> _TASK DESCRIPTION_: Each line in the data must be reproduced as written, except for any picture.
** Opening RECORDED DATA block **
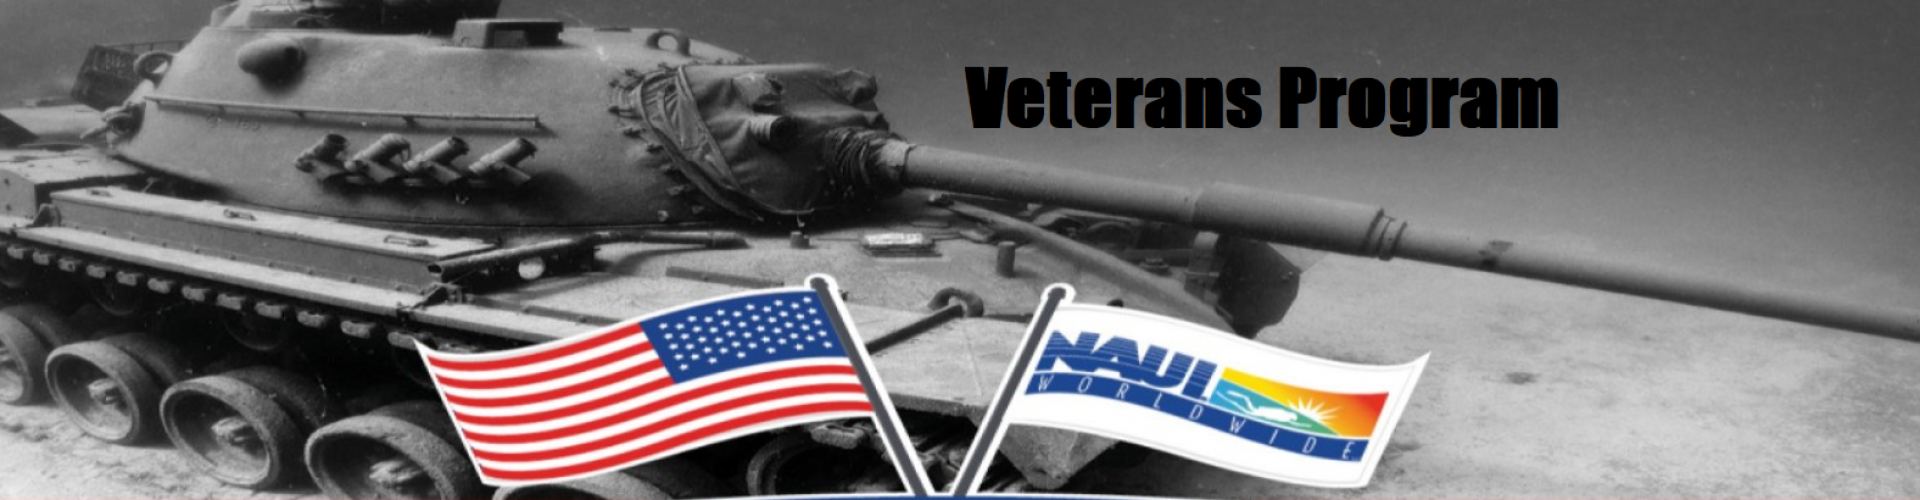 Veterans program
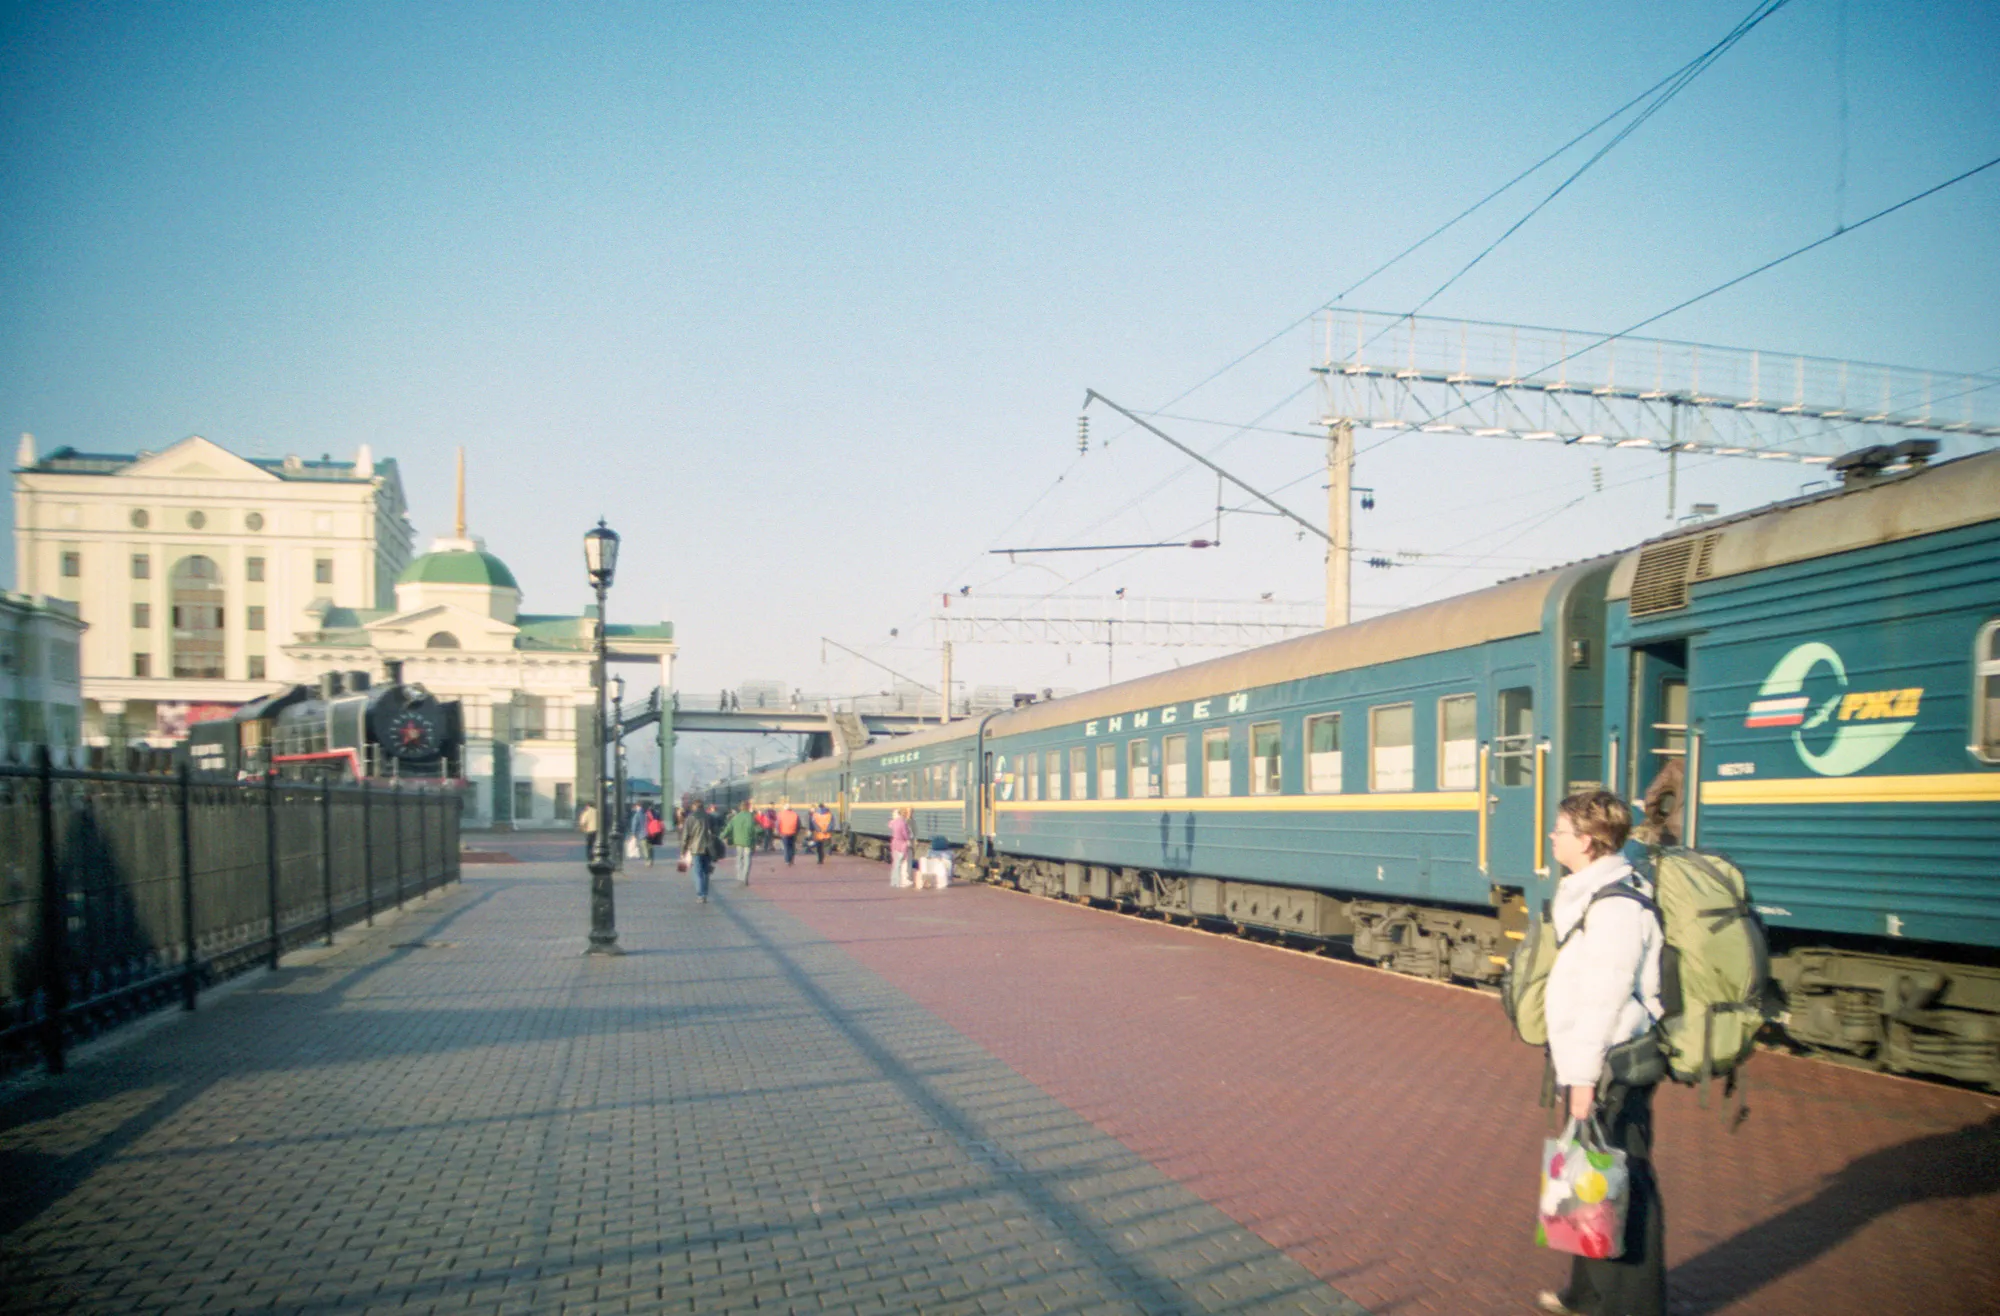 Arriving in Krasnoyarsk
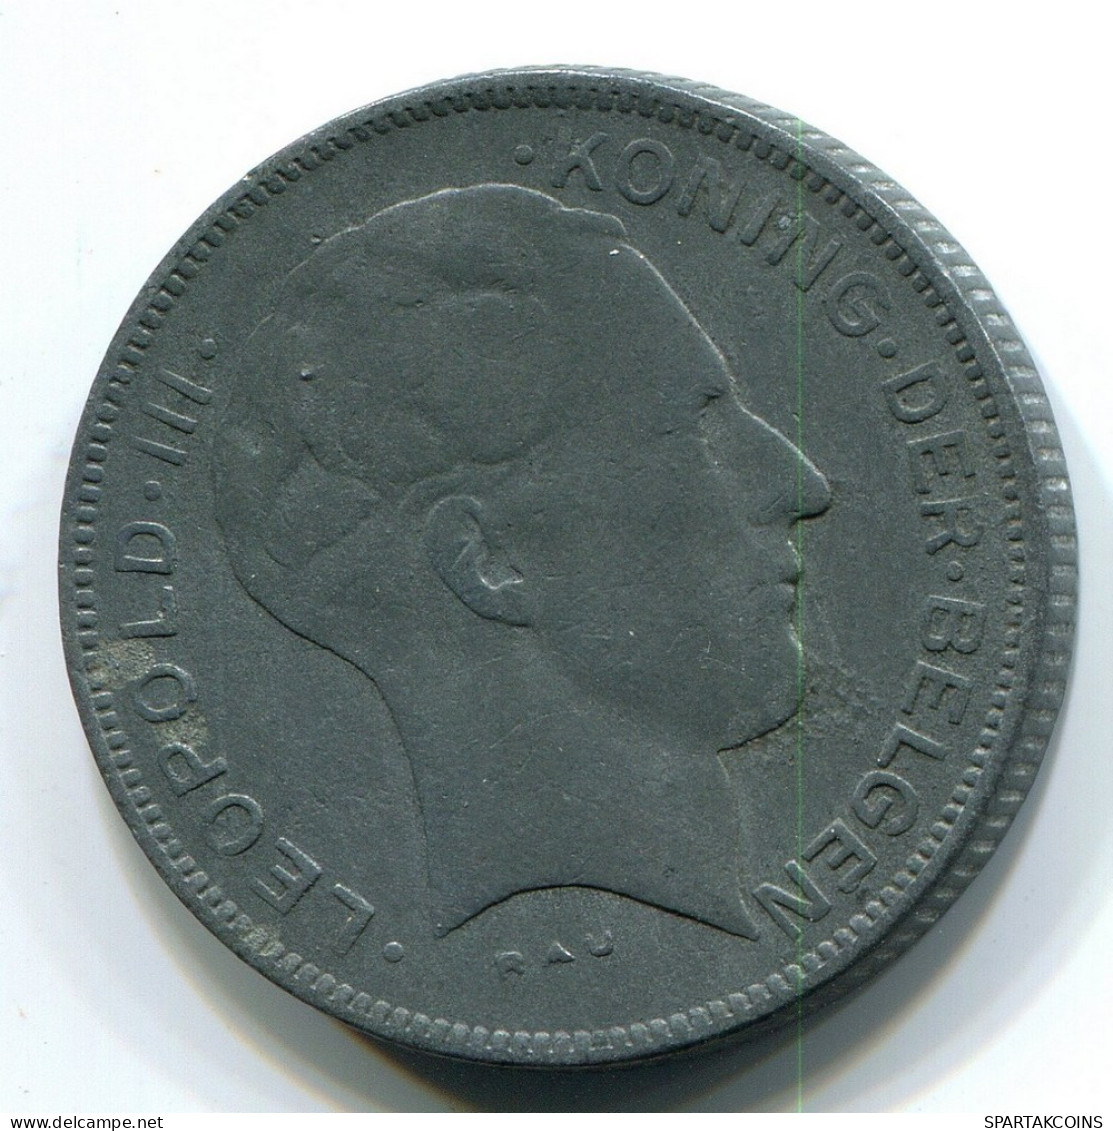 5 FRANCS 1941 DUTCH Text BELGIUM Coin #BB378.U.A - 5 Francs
** Closing RECORDED DATA block **
> _TASK ANSWER_:
 Veterans program
 Arriving in Krasnoyarsk
 5 FRANCS 1941 DUTCH Text BELGIUM Coin #BB378.U.A - 5 Francs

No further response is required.